A: Hi, the simulators and binutils from pre-release 2 builds (and passes
self test) on NT with the Cygwin32 GNU tools.  I have not tried building
GCC for SimpleScalar, however.

>From README.winnt:
--
Starting in release 2.0, the simulators build under x86/WinNT.  To build them,
however, you will need the following:

        1) Cygnus' cygwin32 GNU tool chain release,
           available from: ftp://ftp.cygnus.com/pub/gnu-win32/

        2) little-endian program binaries, since the SimpleScalar GNU
           GCC/GAS/GLD ports have not been re-hosted to WinNT (yet),
           either 1) build the binaries on another little-endian
           supported platform, or grab them from the binaries release
           available from the same place you found this package

Then, follow the install instructions in the README file.

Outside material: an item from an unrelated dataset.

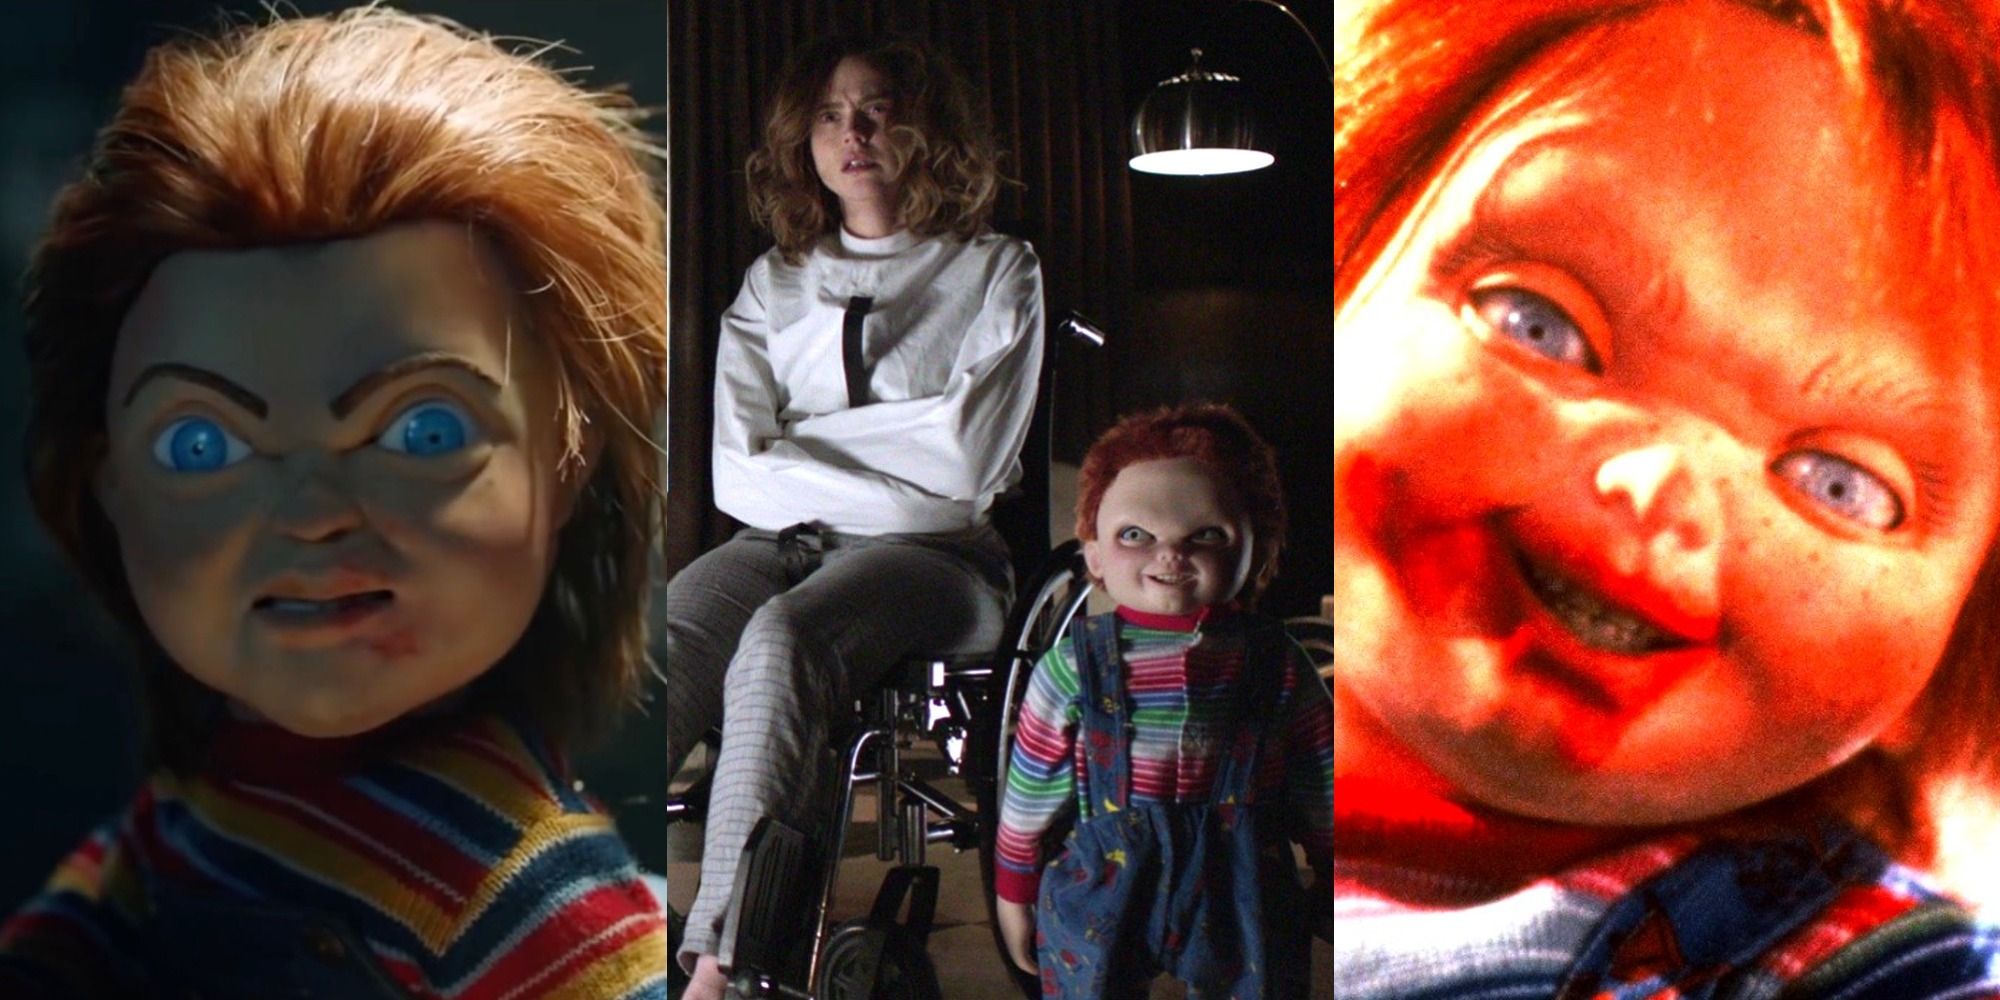 Three images of Chucky side by side

There are still some minor problems with this port; specifically, some of
the system calls made by SimpleScalar binaries have no obvious counterparts
under WinNT (e.g., getrusage()), when these system calls are made, a
warning is printed.  More testing is needed, please send us any bugs/fixes
that you find if you use this port.

Steve Reinhardt ported the simulators to the WinNT/Cygnus environment.

Q: How can I use the simplescalar-2.0 stats package to print the contents of
an array.

A: Hi, use stat_reg_dist() to register an array that the stats package will
print.  Unlike the scalar stats, the stats package will allocate the array,
and you should update the elements of the array using the stat_add_sample()
and stat_add_samples() functions. Sparse arrays can also be made with
stat_reg_sdist().  Look at stats.h for documentation regarding the
interfaces, and see sim-profile.c for examples of how to use these functions.
I believe that module uses just about every kind of scalar and array stat.